Traditionally, biologists worked at a bench
and investigated individual biological entities of interest.
Today, we have something called high throughput biology.
And the way this works is that,
on a single gene chip,
you can have thousands of genes,
all of which can be measured at the same time in parallel.
And so what you're going to do,
is take a few samples of one type of tissue.
Let's say healthy tissue and a few samples of,
let's say disease tissue.
And you just measure the level of gene expression in each for every gene.
Comparing the levels of gene expression in the two tissues,
you can look to find genes where there
was a substantial difference in the expression level,
between the healthy tissue and the disease tissue.
And you can then have something to do with that disease process,
and you could investigate that further.
This kind of high throughput biology has been extremely effective in giving us clues
to many disease processes that we didn't understand before.
However, from a statistical perspective,
there are some issues we should think about.
When you want to compare samples from two populations,
the way that you do this usually is by means of a p-test.

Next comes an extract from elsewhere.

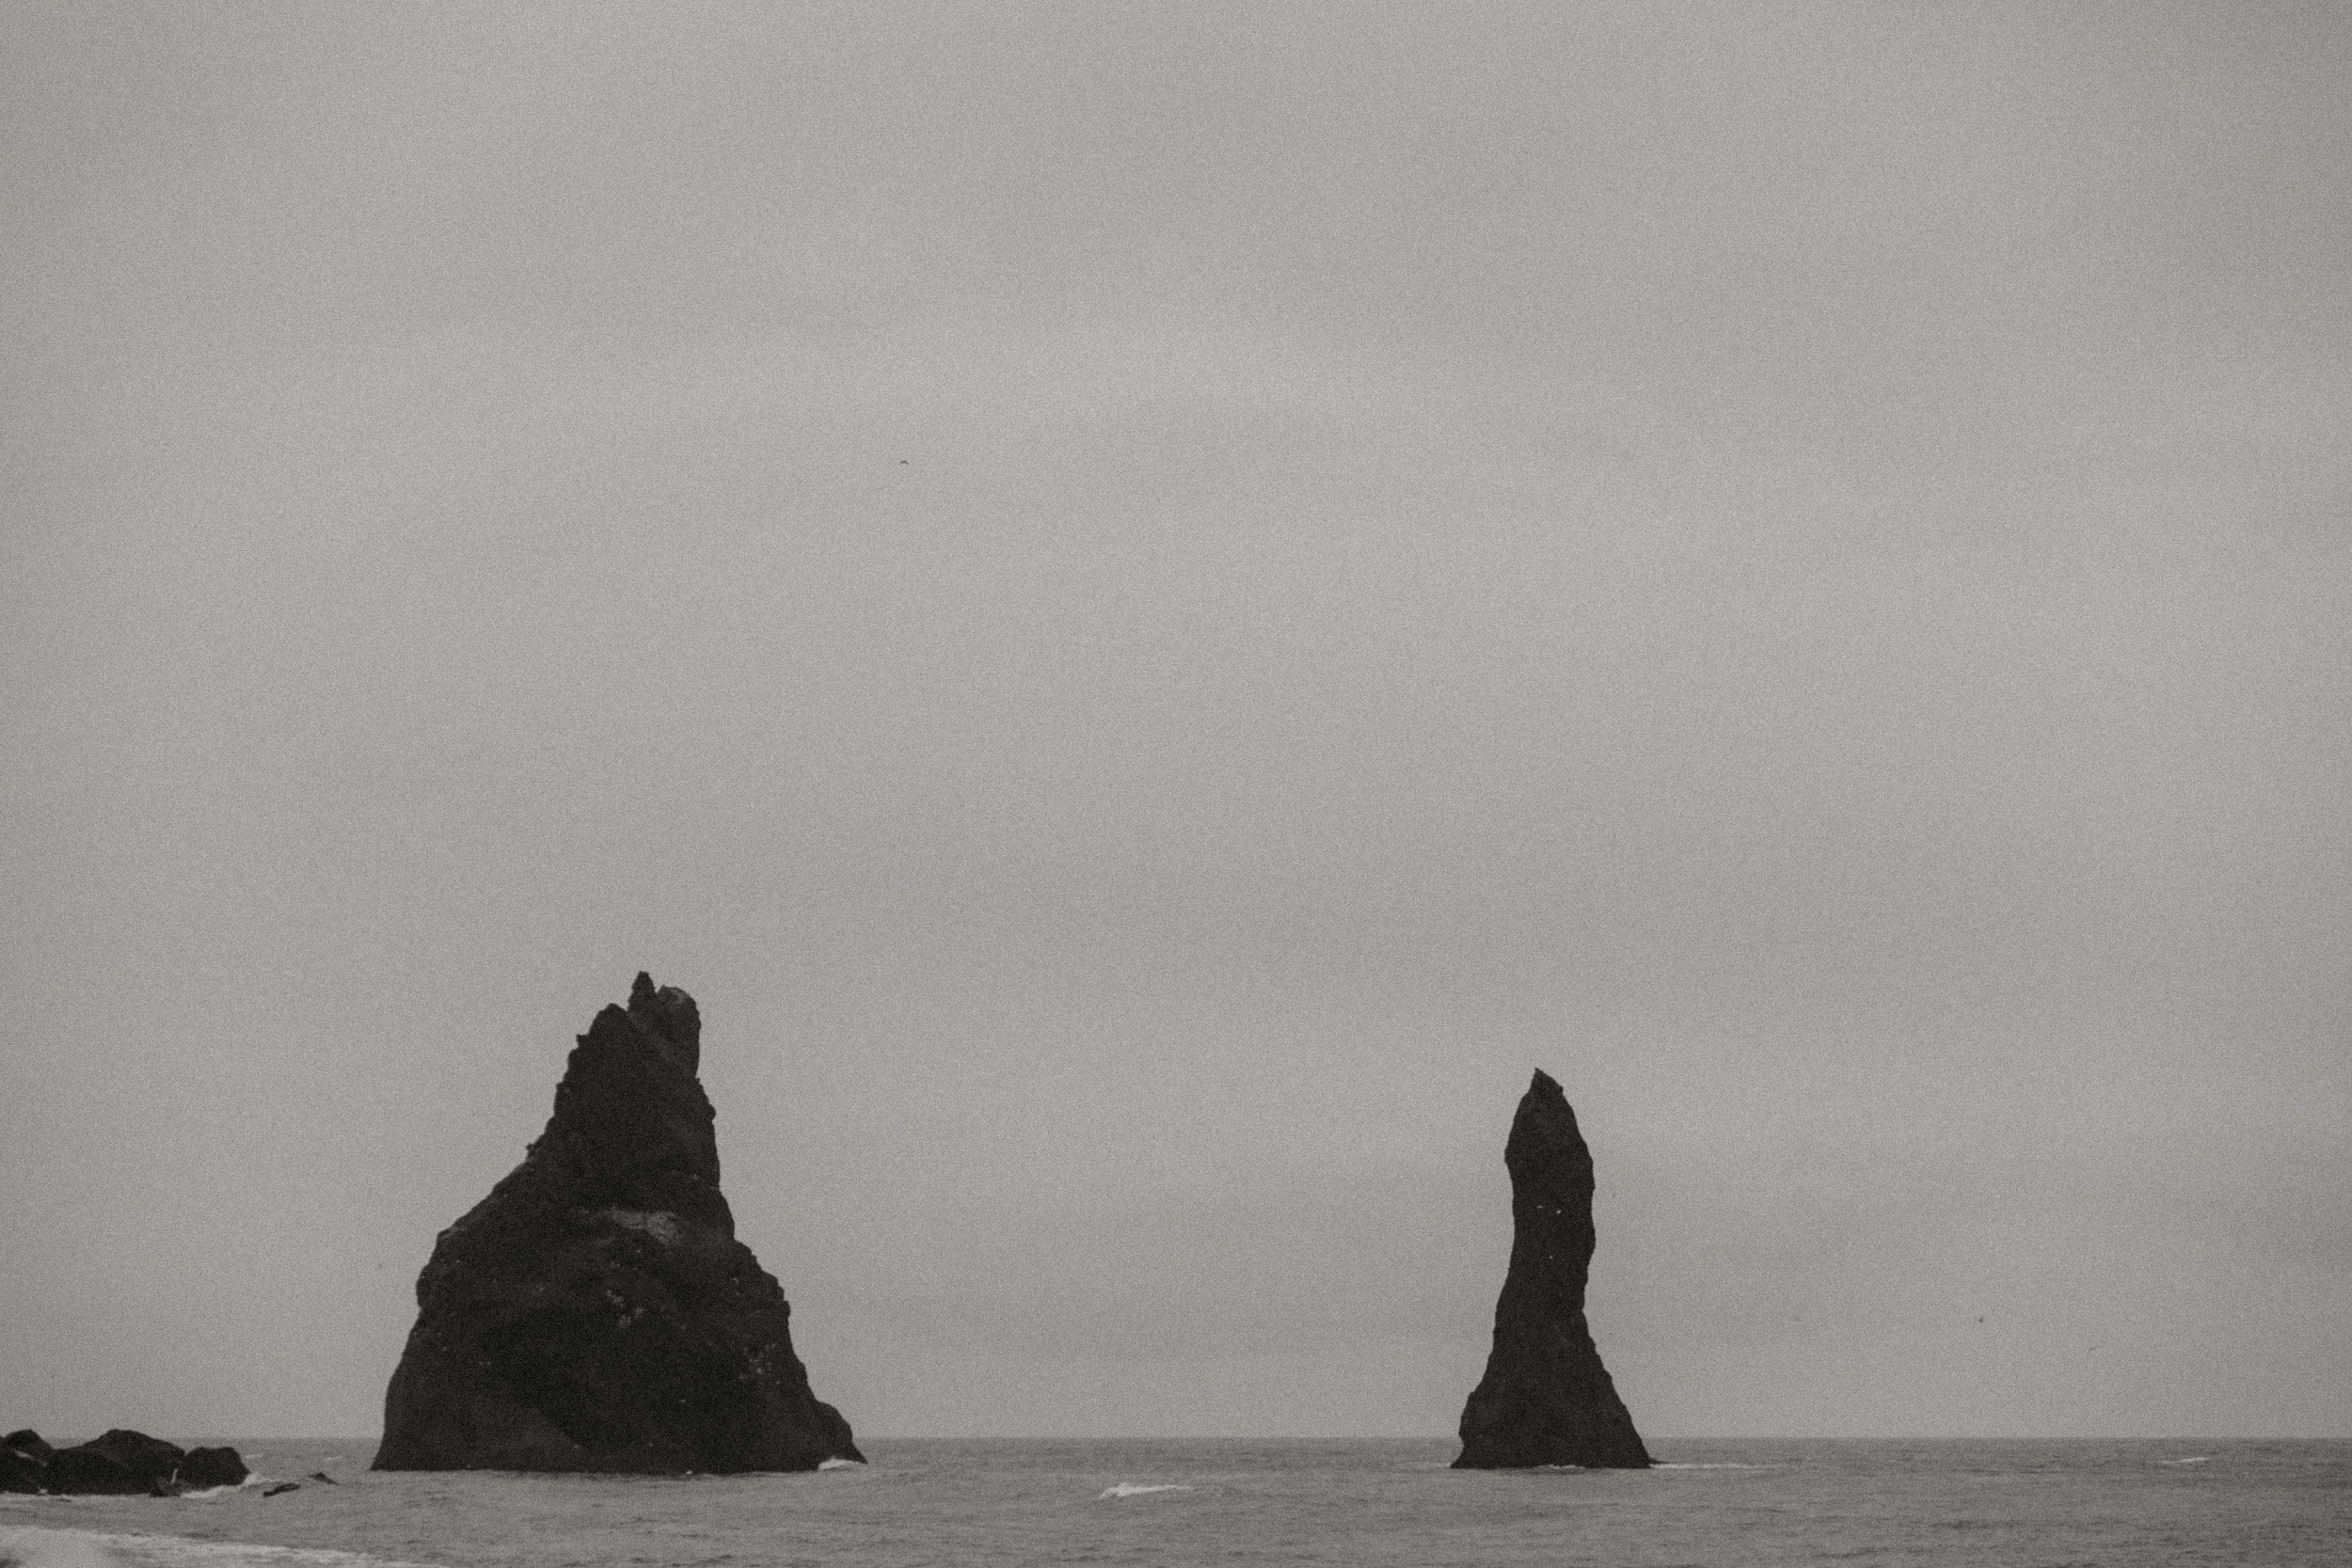 Iceland-honeymoon-4583.jpg

And let's say that you take a p value of 0.95,
what this says is,
that there is a 95% chance that
the difference that you're seeing in the expression levels across the two populations,
is something that was not due to chance.
That there is only a 5% probability that it is due to chance.

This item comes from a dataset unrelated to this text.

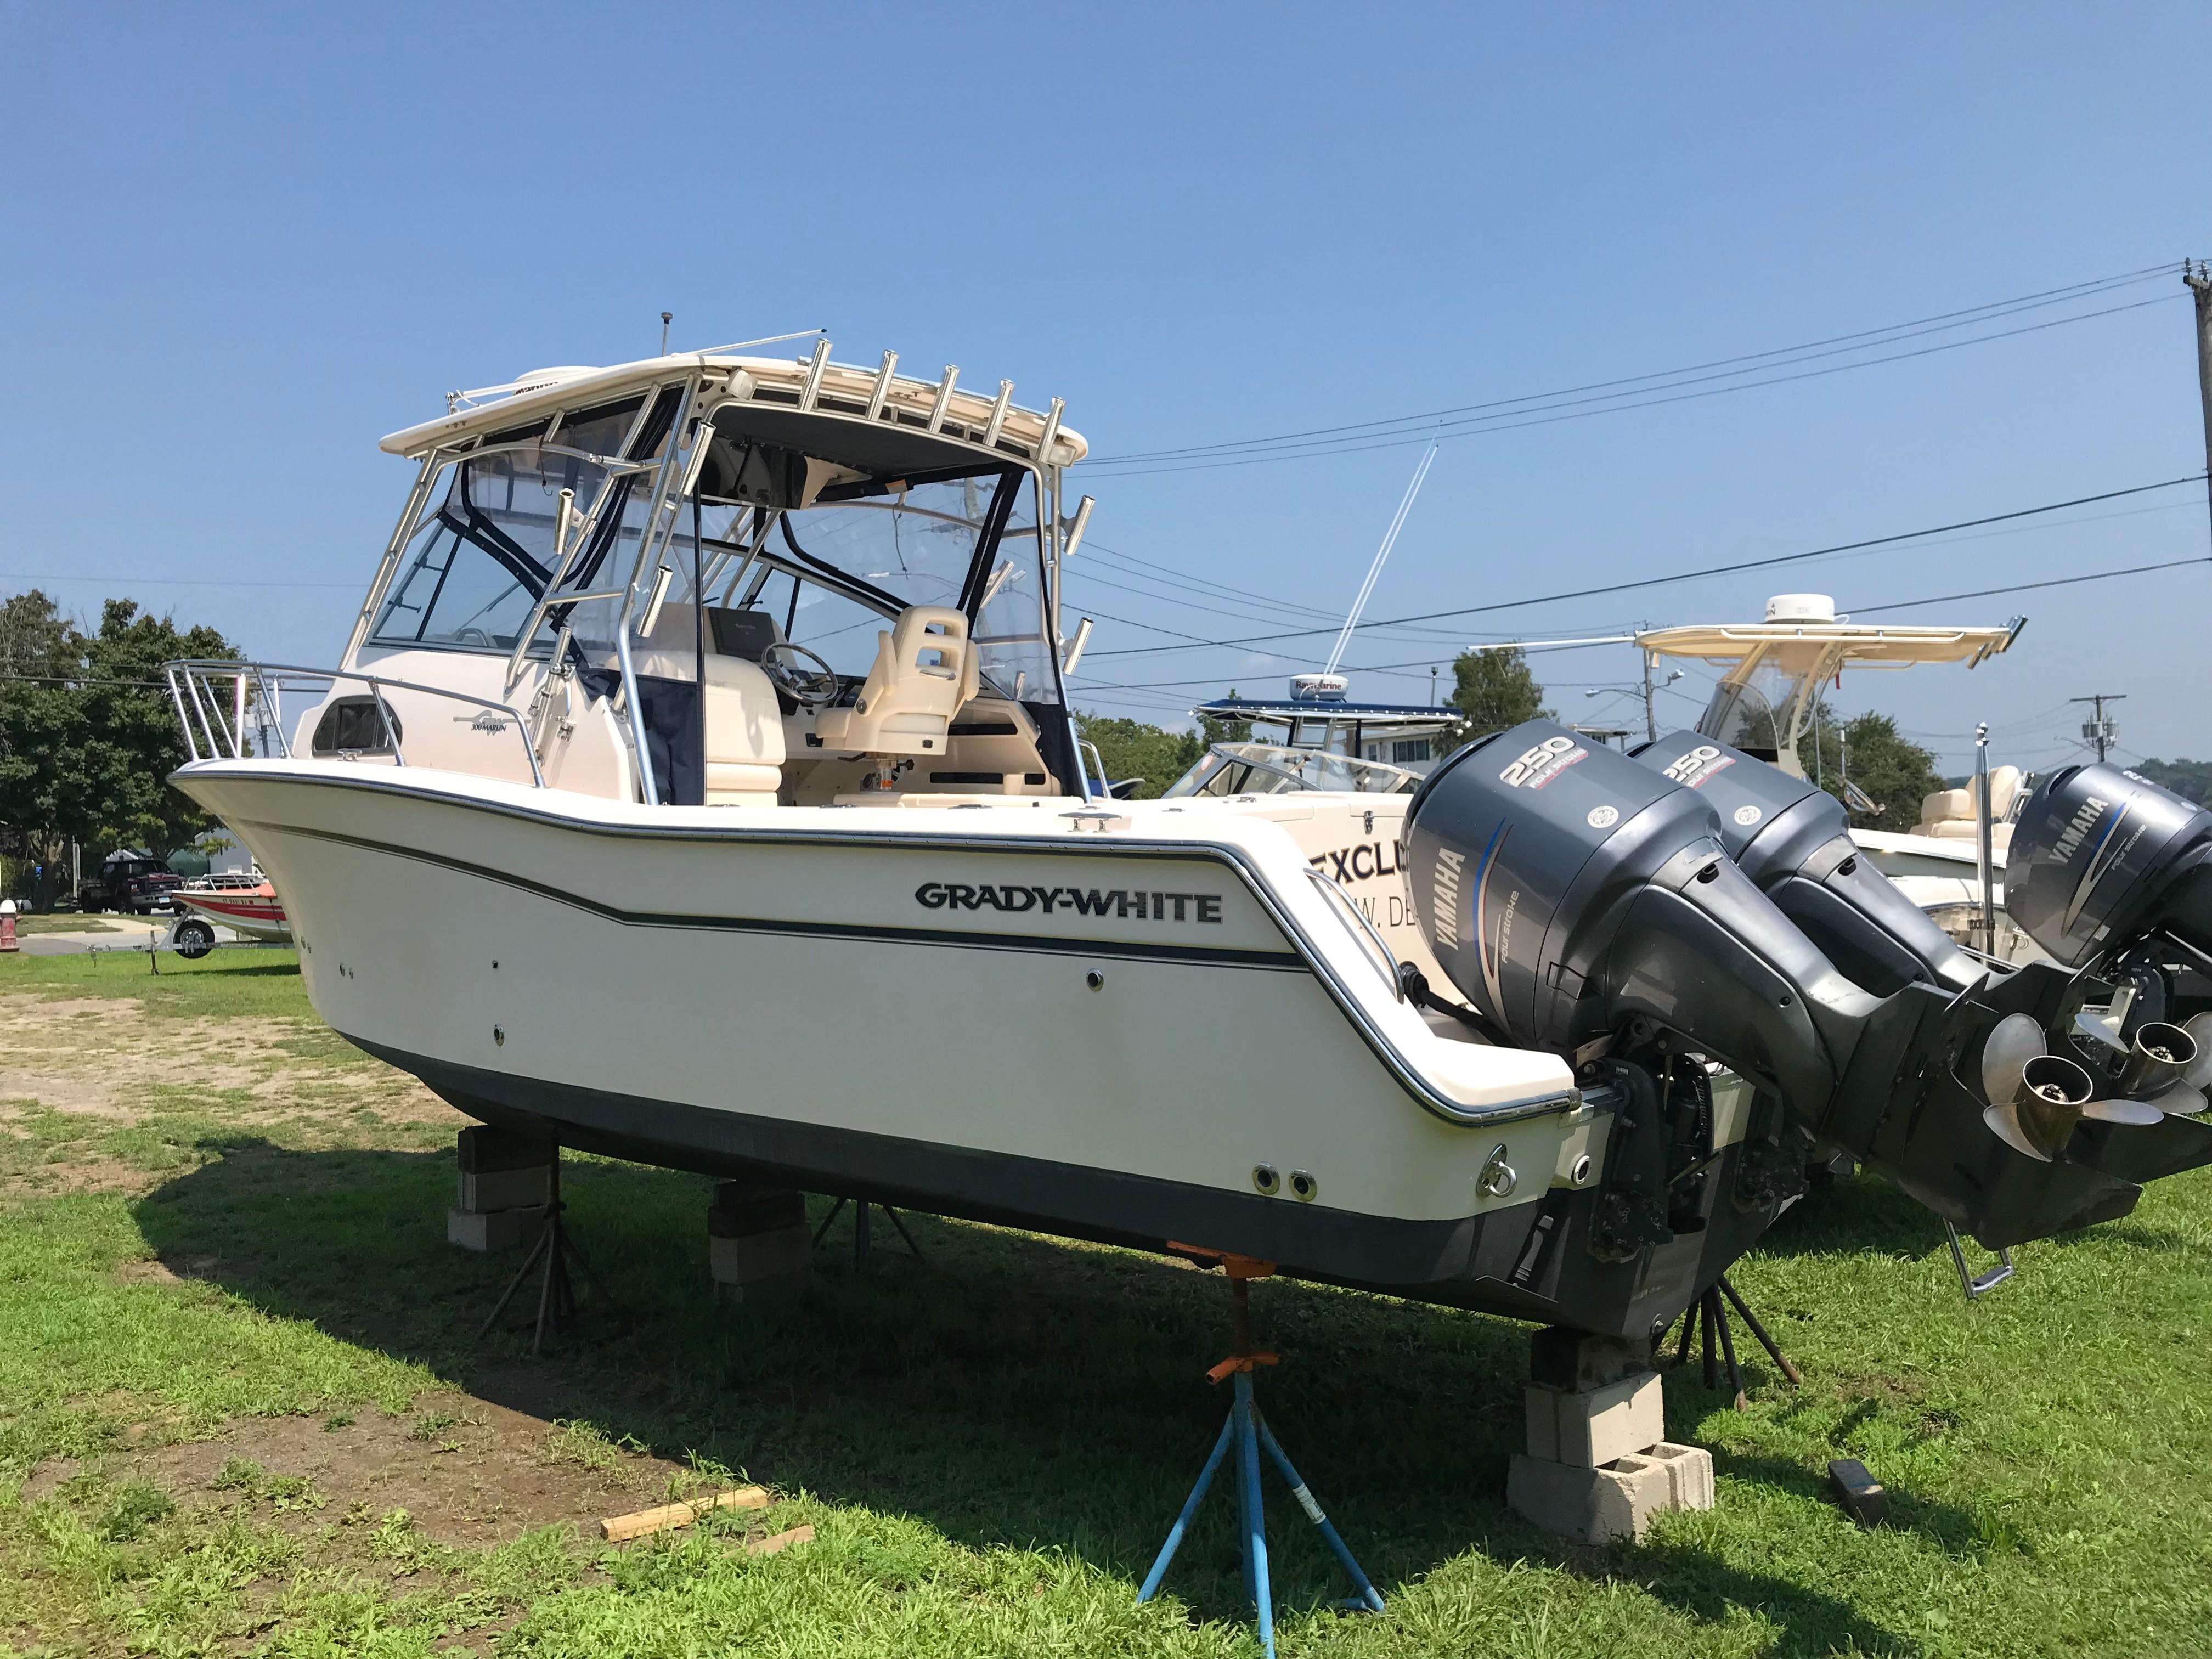 Grady-White300 Marlin

Now, this is true for any one single gene,
where the expression level is
different in terms of the p-value that we just talked about.
But now we do this for 25,000 genes.
If for any one single gene,
we have a 5% chance that the difference we're seeing is purely to your chance.
Then if you look at 20 genes,
one of them on average is going to have a difference purely due to chance.
And if you look at 20,000 genes,
a thousand of them on average are going to
have a difference in expression purely due to chance.
The actual number of genes that are involved in
the disease process may be only a few dozen.
And so we have a few dozen genes of interest where the expression level is different,
because there is a real biological difference.
And possibly a few hundred,
maybe a thousand genes where the expression levels are different purely due to chance.
In other words, you've got some information there,
but you've also got a lot of noise.
And how to separate this information from this noise requires,
careful downstream analysis as opposed to
taking what one sees as the gospel truth,
simply because it meets some p-value criteria.